Custer, Mark mark.custer at yale.edu
Mon Apr 6 16:35:37 EDT 2015


All,

In case anyone might find this useful, I just started work on a Schematron file, https://github.com/fordmadox/schematrons/blob/master/ArchivesSpace-EAD-validator.sch, to test for common EAD incompatibilities with the ASpace JSON model.  For instance, this file will make sure that a yet-to-be ArchivesSpace resource record has the following, required pieces of data, none of which are required by the EAD 2002 schema:


·         @level attribute

·         title

·         date

·         identifier (or archdesc/did/unitid, in EAD-speak)

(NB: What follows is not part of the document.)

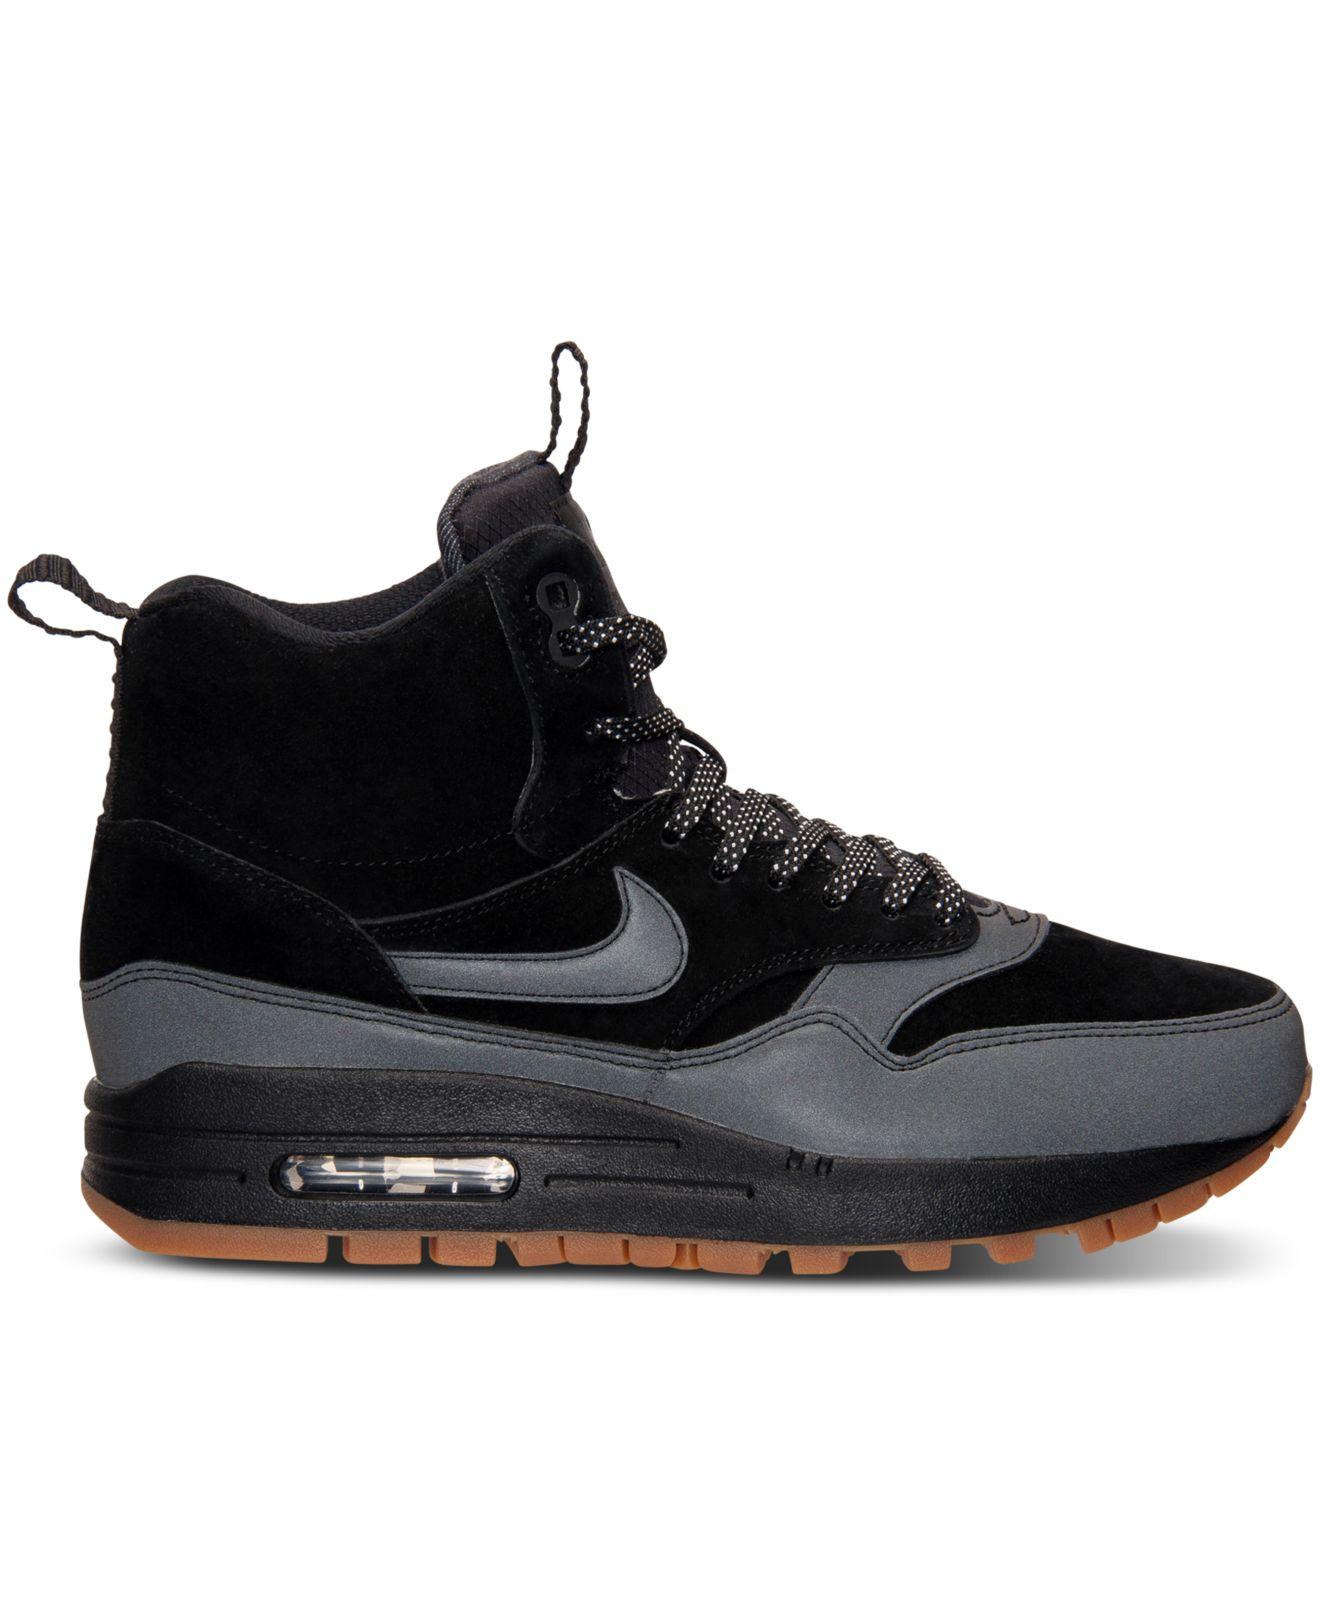 Nike Wmns Air Max 1 Mi Botte Chaussure Noir  / Gomme Dunk

·         extent statement (though I still have to add a rule that will enforce that the resource-level extent statement has both an extent number and an extent type)

Honestly, I haven’t really tested ASpace’s EAD importer just yet, but if I were batch importing EAD files, I’d imagine that I’d do the following:


1.       validate the files according to the EAD 2002 schema

2.       validate the files according to a schematron file (or something similar)

3.       If the files failed either validation step, then I would look at the reported errors, including file names and line numbers, to see what needs to be fixed (or, better yet, automate everything so that I could tie specific fixes to specific errors; e.g., if there’s no resource-level identifier in the EAD file, then assign an identifier based on the current timestamp and send it off for import.)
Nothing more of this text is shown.